His voice is odd, and I frown in confusion. Then even more as I hear the steady thump-thump of a nearby helicopter. Around me, the plants blow in the sudden wind, and as a shadow falls over the car, I hit the brakes, careening to a stop as a familiar gray helicopter with Stark International printed on the side sets down on the turnaround just ahead of me.
The rear door opens and fear explodes in my chest as Damien climbs down, then runs to my car, his body bent over and his shirt tail flapping in the copter’s down draft.
I throw my door open and leap out, my hand shielding my eyes from the dust. “Damien? What the hell?”
“It’s Anne,” he says as ice fills my veins. “She and Bree have been taken.”
18
Less than a minute after the helicopter sets down at the Malibu house, Damien and I are racing side by side up the interior stairs to the third floor.
“Tell me,” Damien orders Ryan, who’s standing at the head of a huge table that now fills our third floor living area. Computers line its perimeter, each one manned by a person I’ve never seen before.
“Lara,” I cry, looking frantically around the room. “Where’s Lara?”
“With Jamie,” Ryan says, closing his hand gently over my upper arm. “Lara’s fine.” He looks from me to Damien. “Let’s go into the kitchen and I’ll tell you both what I know.”
He’s speaking calmly, his voice steady and soothing, as if he’s speaking to a child. Any other day, I’d resent it. Today, I need i
t. Any emotion from him, and I’ll lose it. I’m certain of that. I need him to be absolutely professional. I need to believe that he’ll get us past this. I need to believe I’ll get my baby back.
I know very little, because Damien knows very little. He told me in the helicopter that Ryan called and said that we needed to get home. That Bree and Anne had been abducted, and that they were working on it and to get home as fast as possible. I spent the rest of the flight with my face buried against Damien’s chest, my body racked with sobs.
The pilot got us home in record time, and now it’s taking all my strength not to scream at the top of my lungs. Instead, I clutch Damien’s hand, my bones crushed under the force of his own grip on me.
“Now, Ryan.” His voice is dangerously low as we sit at the kitchen table. “Where the fuck is my daughter?”

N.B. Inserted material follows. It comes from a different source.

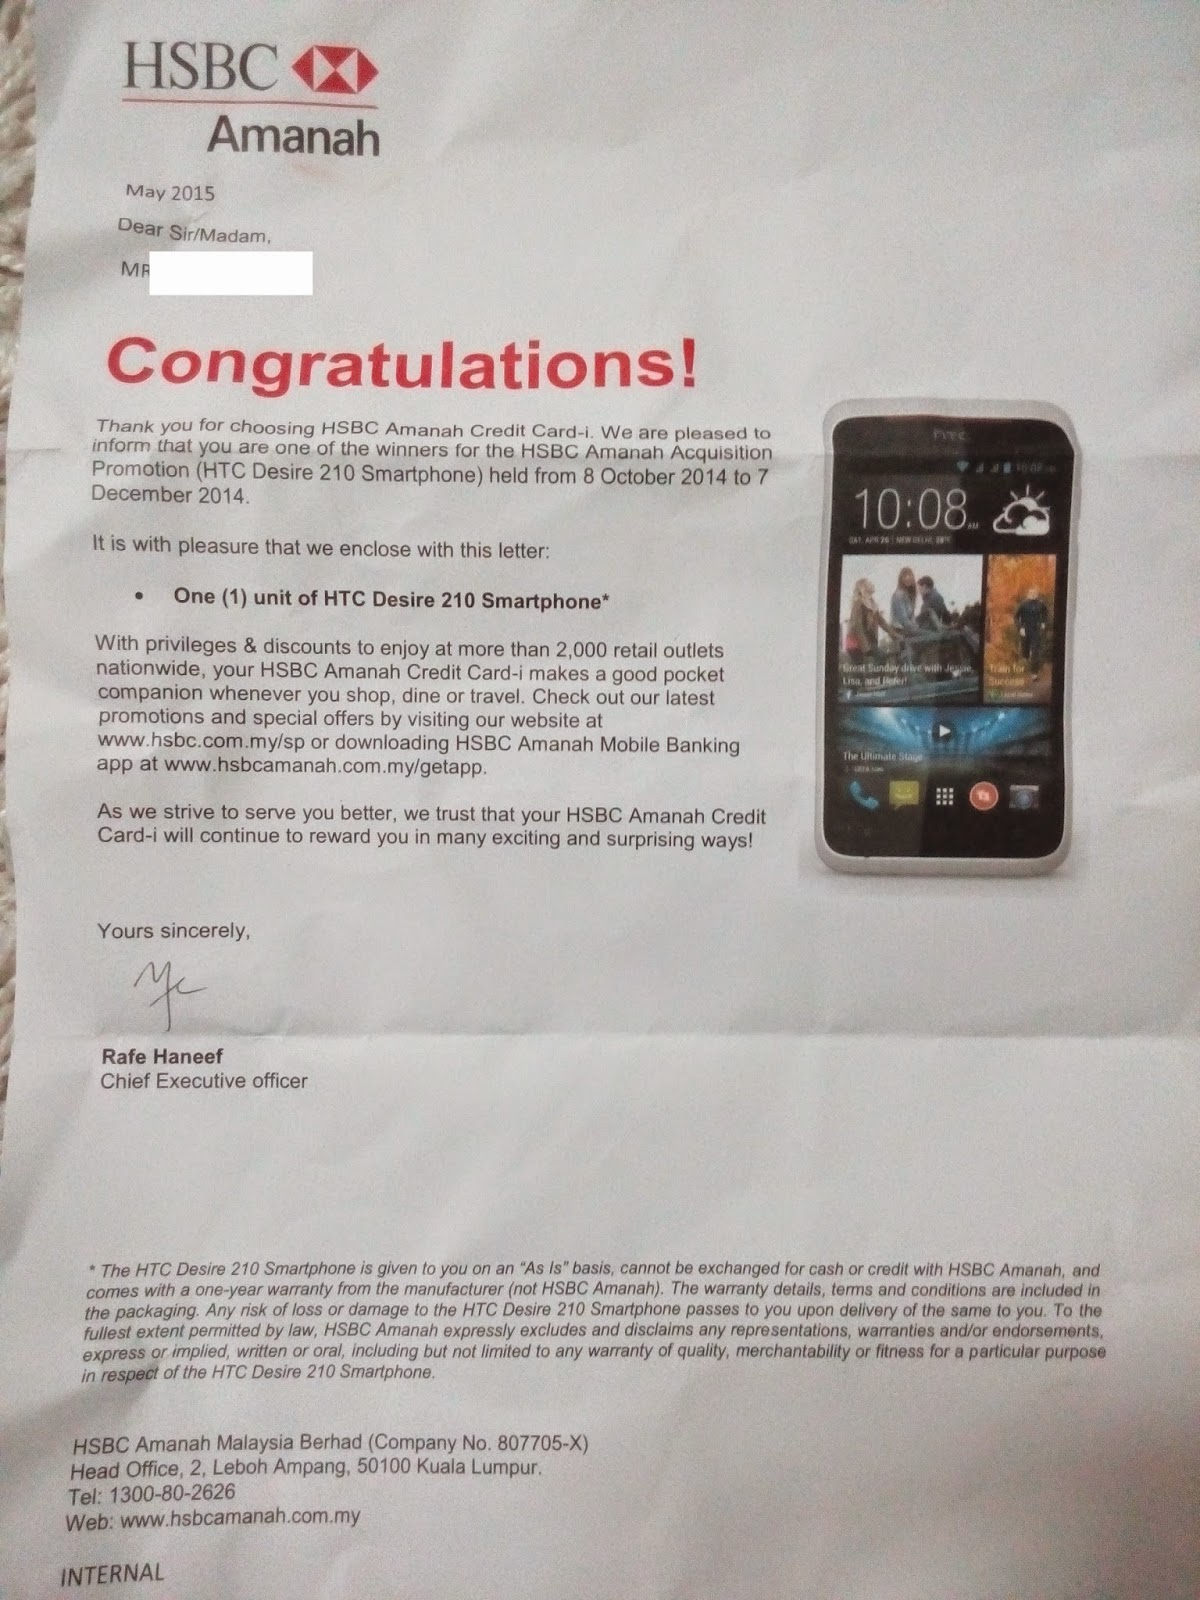 My Life: HSBC Gift: HTC Desire 210 Smartphone

I’ve seen Ryan work before, but never on something this personal. This important. And even through my horror and fear, I can recognize and appreciate his cool, professional demeanor. It’s calming, in fact, knowing that he’s here. That he’s watching out for my baby.

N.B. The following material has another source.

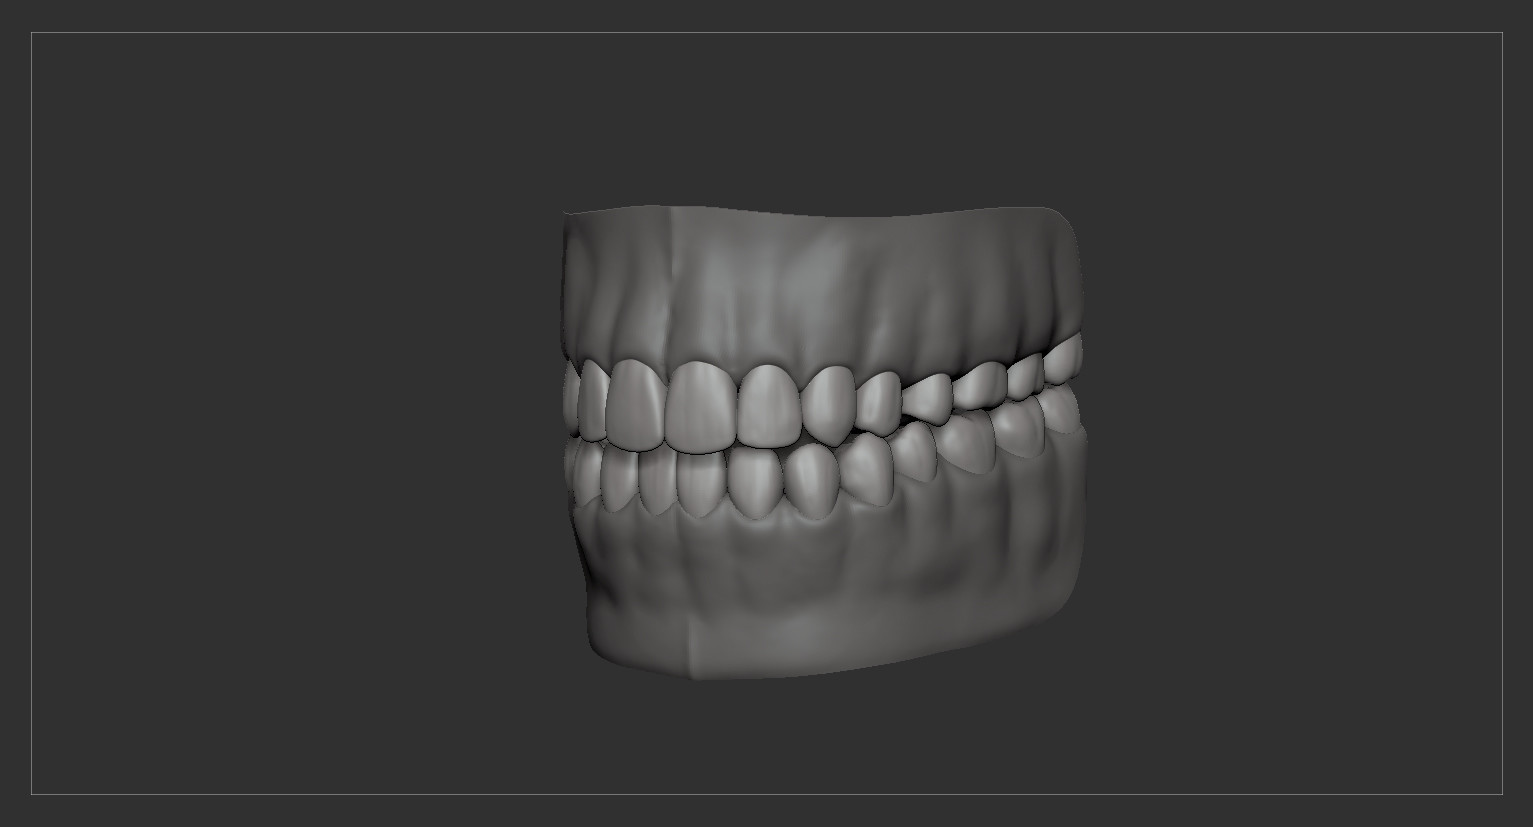 ZBrush - Teeth

“Here’s what we know,” he says, still standing. “Anne and Bree left this morning for Anne’s art class. After class, as they were walking back to the car, someone approached them in another vehicle and ordered them into the back at gunpoint.
I gasp, and Damien’s hand tightens in mine.
“How do you know all of this?” Damien asks.
“Moira was here watching Lara. Obviously,” he adds, seeing me nod. “Bree told her to expect them back by ten-fifteen. When they hadn’t shown up by ten-thirty, Moira assumed they’d stopped to run errands. She texted Bree, asking her to bring back Cheetos as a treat for the girls’ lunch. When she didn’t get a reply, she got nervous. Five minutes later, she called. No answer, so she called me.”
Moira is Ryan’s little sister, and knows perfectly well what he does for a living, so her decision to call Ryan makes sense. “But how could Moira know about the car?” I ask. “Or the—the gun?”